本日は、
ヴァンサンカン連載記事用の撮影日。実は10日ほど前に予定されていたのだが、アイスランドの火山灰の影響でカメラマンの小野さんのフライトがキャンセルになり、お互いのスケジュールを調整した結果、今日まで延期になってしまったのだった。
あいにくの雨模様。で、自宅兼仕事場がそのまま撮影現場に。本日は階段と、窓枠を背景に使用。こんなとき、ヨーロッパの古い家(我が家は築120年ほど)は、撮影背景には事欠かず、便利なことこの上ない。
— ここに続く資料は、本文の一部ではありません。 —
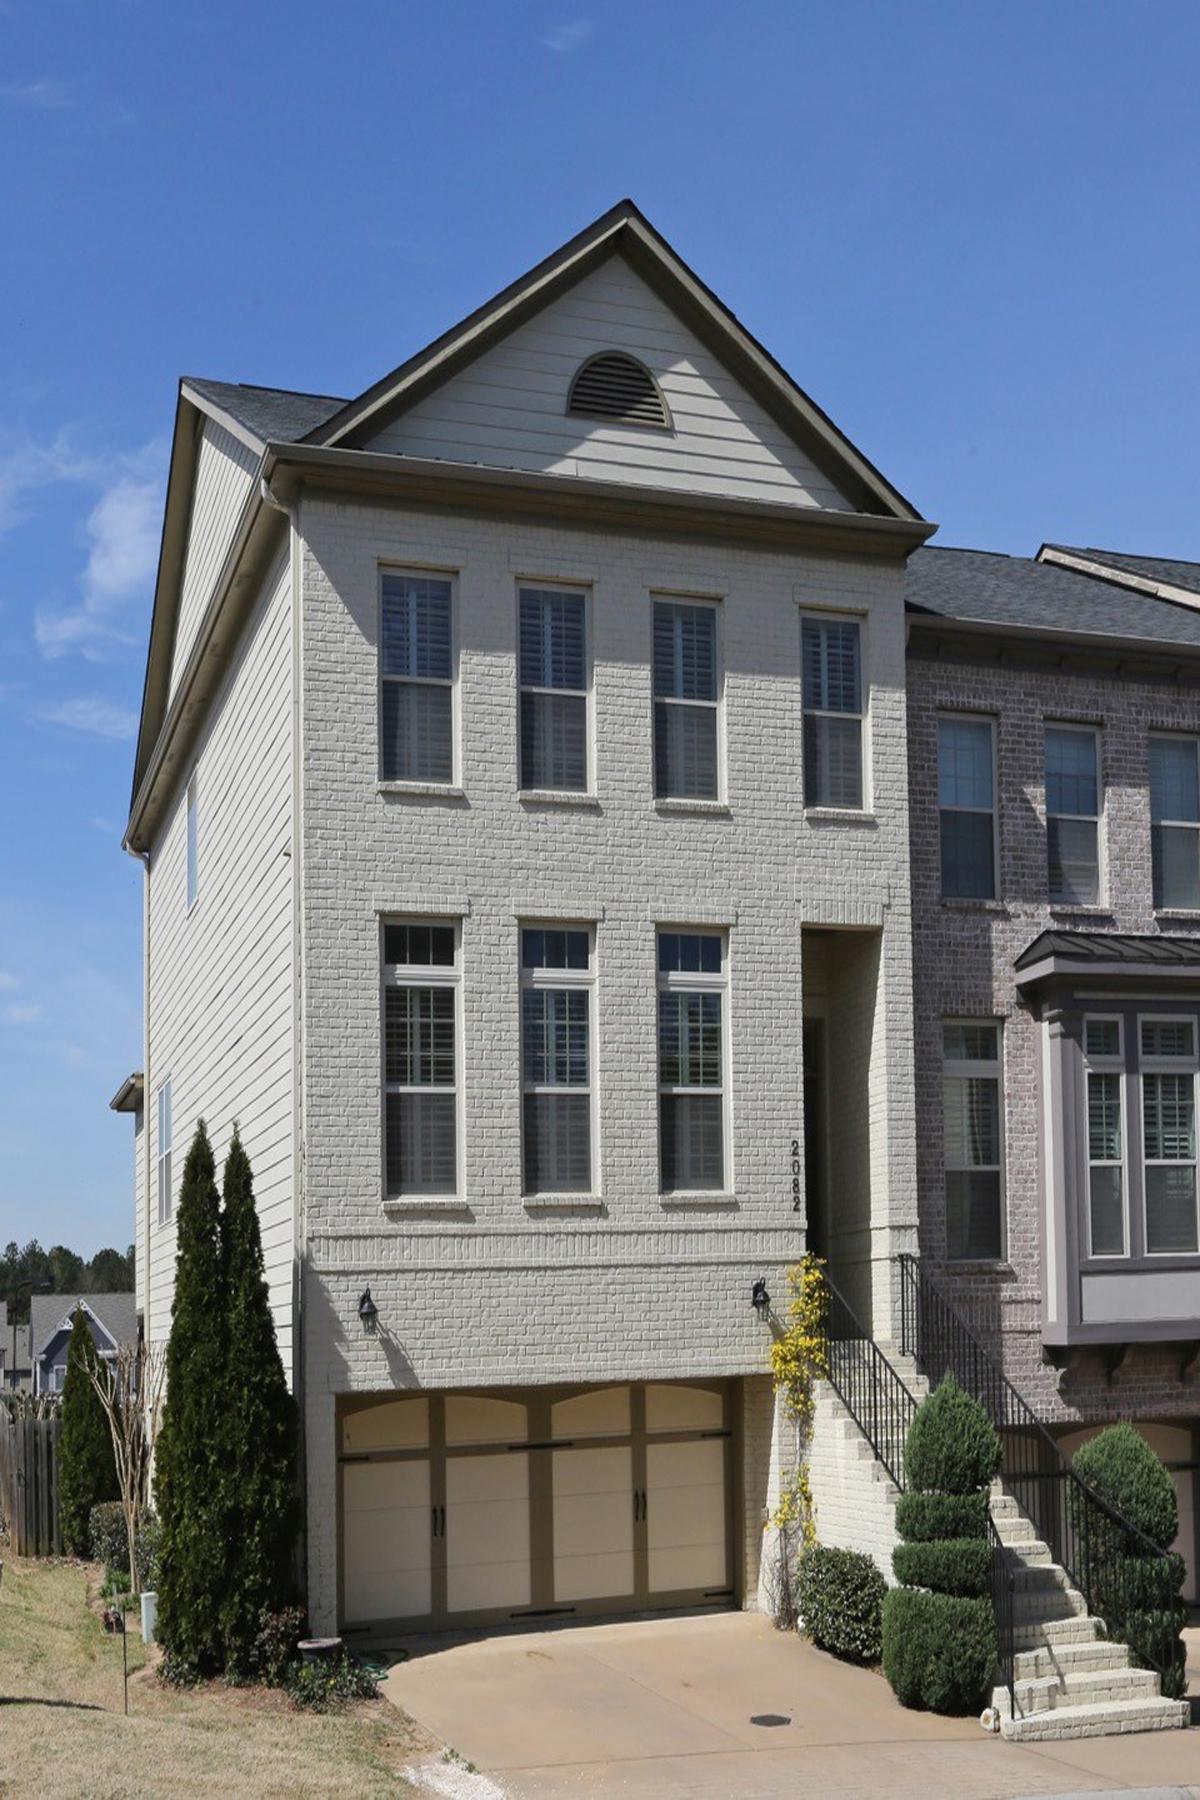 Stadthaus für Verkauf beim Beautiful End Unit Townhome 2082 Silas Way Atlanta, Georgia, 30318 Vereinigte Staaten

いつものことながら、たった一枚の写真を作りこんでいくまでの試行錯誤はひらめきと忍耐の総結集だ。私は大して役にも立たないにわかアシスタントだが、レフ板を持ったり、ドライヤーで風をつくったりと、子供の工作に通じる楽しさを味わいながらの一日。お付き合いの長い小野さんとは、けっこう真面目に仕事談義などもしたが、「近頃の日本の雑誌はほんとにつまらない」という点で意見が一致。世が雑誌黄金時代だった頃とは比べ物にならない質の低下、役割の低下、インパクトの低下。しかしこうした低迷ぶりを嘆いたところでどうにもならない。一職人として、少なくとも、自分に与えられた仕事には、それがどんな小さなものであろうとも、高いクオリティを宿らせ続けていきたいものだ。たとえ、それがあだ花に終わるのだとしても・・・。そして、今どきの日本の原稿料では、日本以外の先進国ではまったく食べていけないとしても・・・。
ちなみに本日撮影分はヴァンサンカン7月号より順次掲載予定。